“We recognize and affirm the value of physiologic birth for women, babies, families and society and the value of appropriate interventions based on the best available evidence to achieve optimal outcomes for mothers and babies.”
My first exposure to home birth was in 1980, during my pediatric residency, when a paramedic burst through the NICU doors with a limp, blue baby in his arms–the product of a home birth gone very wrong. We cared for her as best we could, but she died a few hours later.
The baby’s young parents were devastated, of course. They had chosen to deliver their baby themselves at home rather than opt to give birth in the hospital. Though they had read volumes on normal birth, they’d given little thought to the possibility of complications–in this case shoulder dystocia and a tight nuchal cord–and by the time the paramedics were called it was simply too late.
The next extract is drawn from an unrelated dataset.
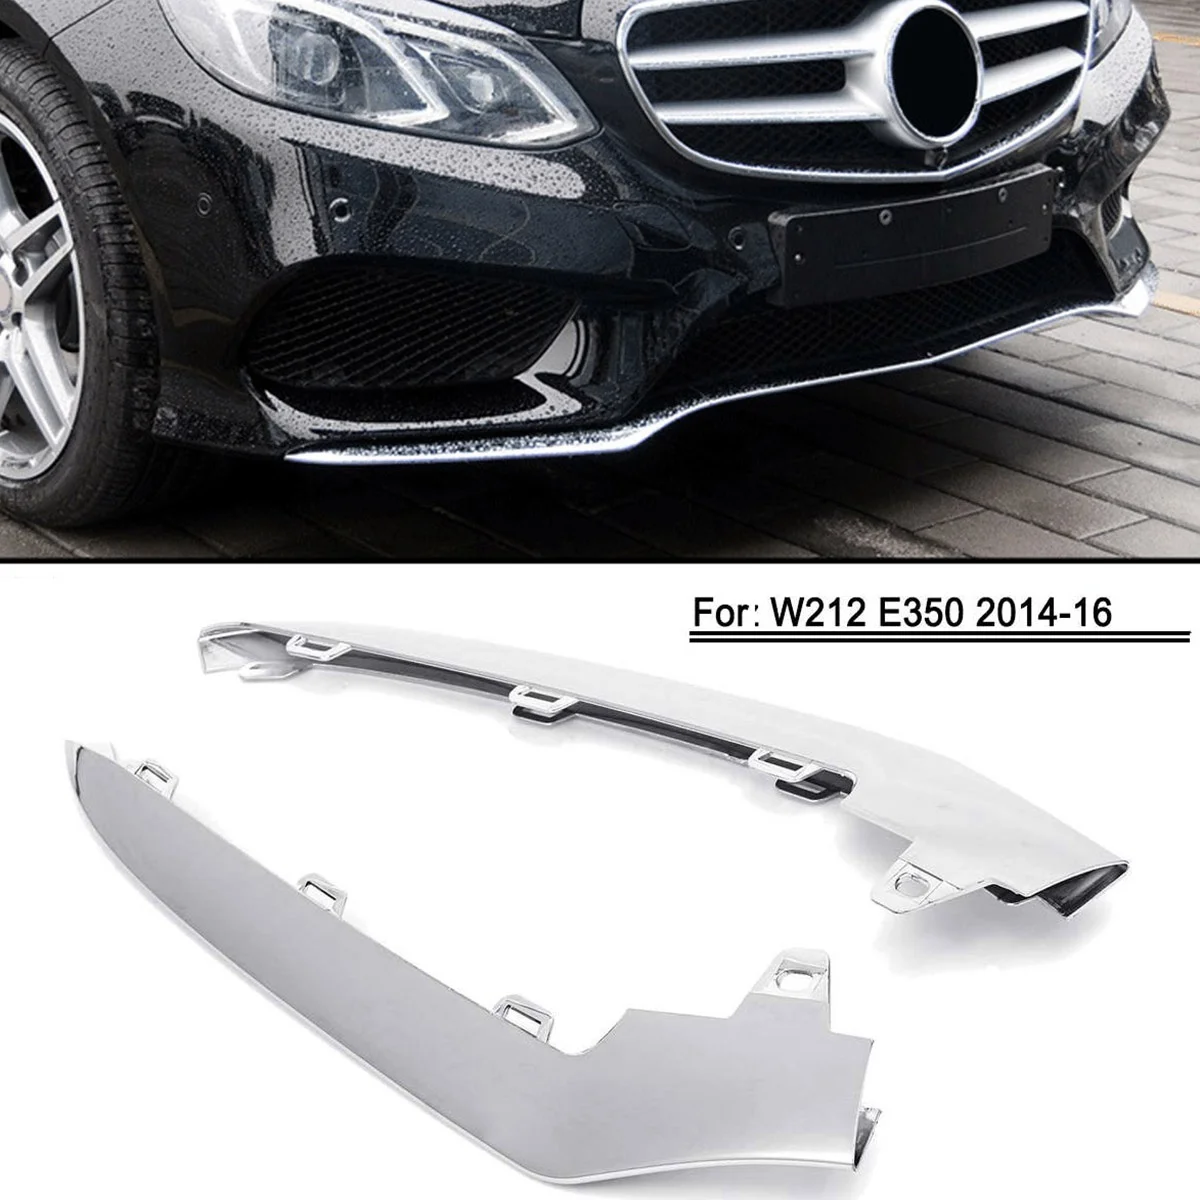 Ön Düşük Tampon Kapak Trim, Mercedes-Benz E-Class için W212 E350 2014-2016 ÖN TAMPON Splitter 2128852874 Sağ Yan

That tragic experience shaped my opinion of home birth for the next twenty-five years: I concluded that having a baby at home was a risky, irresponsible thing to do. Not until long afterward did I stop to think that maybe the problem with this particular birth was not that it was a home birth per se, but that it had been poorly planned by inexperienced/overconfident parents with no midwife and no access to timely emergency aid.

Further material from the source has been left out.